А снаружи – дул мистраль, ветр вдохновенного безумия, что и матёрому мужу смущает разум, выдувая из души и сердца сумрак самодостаточной гордыни.
Дул мистраль, населяющий солнечное пространство осени призраками и воспоминаниями о небывшем, потому что всё, что взаправду было, было иначе, чем воображается нам.
Дул мистраль, вредный здоровью северян, наделяющий их головною болью, сведший с ума Ван Гога в кущах багряных виноградников и спиральных кипарисов Арля, но лишь укрепивший разум Сезанна, который, как оказалось, совсем ничего не выдумывал, а лишь точно запечатлевал своей кистью пёструю и дымчатую жизнь вокруг меловой горы Виктуар. Ибо таков он и есть, Прованс, с его Эксом, Арлем, Авиньоном и Марселем, с его голубыми фиордами-калангами скалистого побережья, заросшего пиниями воображаемой вечности.

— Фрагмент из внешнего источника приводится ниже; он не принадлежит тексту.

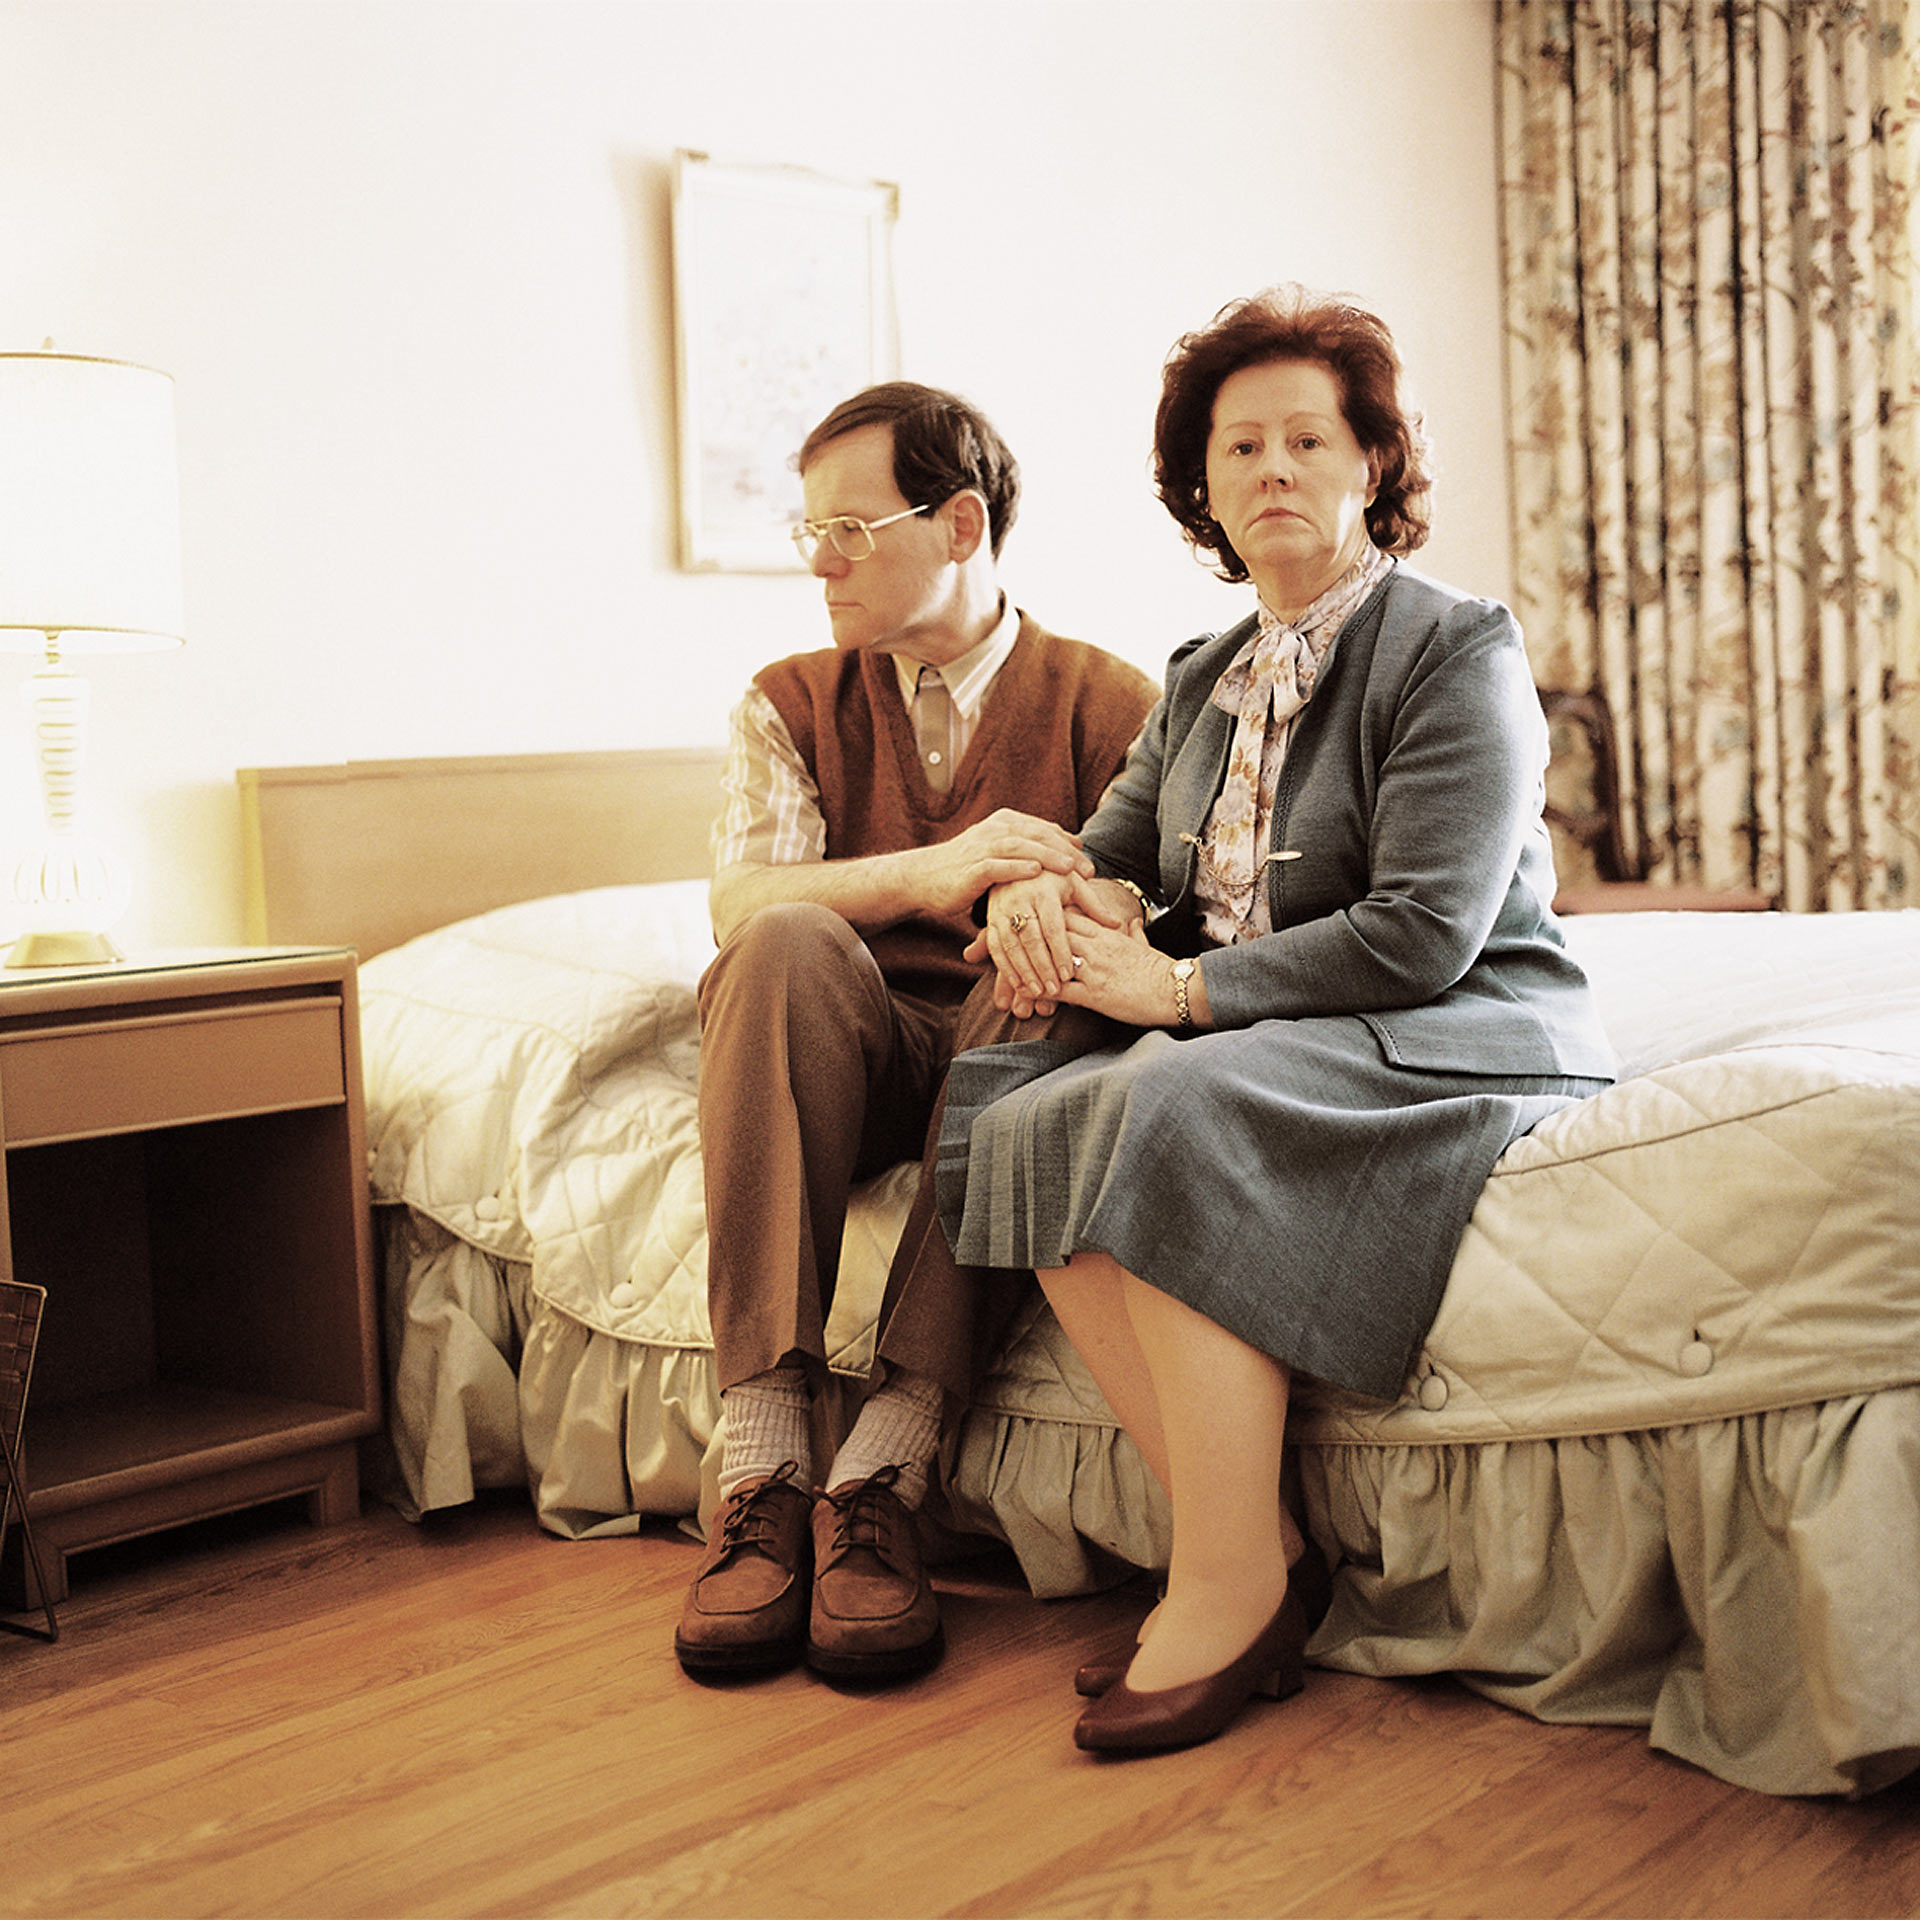 TomFeiler_CRIA_Couple-on-bed.jpg

Человек – он ищет оправданье своему бытию и своим же скитаньям по жизни. Человек – он разумеет, что его пребыванье в пределах природы и географии подобно существованью хоть бы и древесного листа, однажды трепетавшего на ветви платана, а далее – несомого ветром в направлении неведомом и неопределённом, и нет человека, чьё бытие было б сродни неподвижному камню…
Всё, что происходит, происходит в душе. Лишь душа различает незримые связи, ускользнувшие от многого знанья, но душа – она либо дремлет и спит, либо дрожит и боится, и только земная любовь и Божий мистраль помогают ей видеть и понимать, что в мире взаимосвязано всё – даже то, что и вовсе несопоставимо.
Но разве понимают это случайные люди, заморские туристы, обязательные посетители Авиньона и Турина, Святой земли и Синая, где закутанный в кефи лукавый бедуин считает их всех богатыми идиотами и катает за мзду на своём худосочном верблюде вкруг монастыря Св. Екатерины, хранящего за своими высокими каменными стенами и Моисееву «неопалимую купину», и первые изображенья Христа, и подлинный отпечаток руки Святого пророка ислама? Одного этого верблюда и запомнят они, поскольку заплатили за своё катанье живые деньги, и редко кто из них, людей двунадесяти языков, посмотрит вверх и ощутит дрогнувшим сердцем, что их, таких разных, нерасторжимо связывает между собою единый воздух мира, тот самый, что из космоса выглядит лишь голубой нежной дымкой над планетой людей, в каждом из которых, как неизбежно вспомнится, убит Моцарт…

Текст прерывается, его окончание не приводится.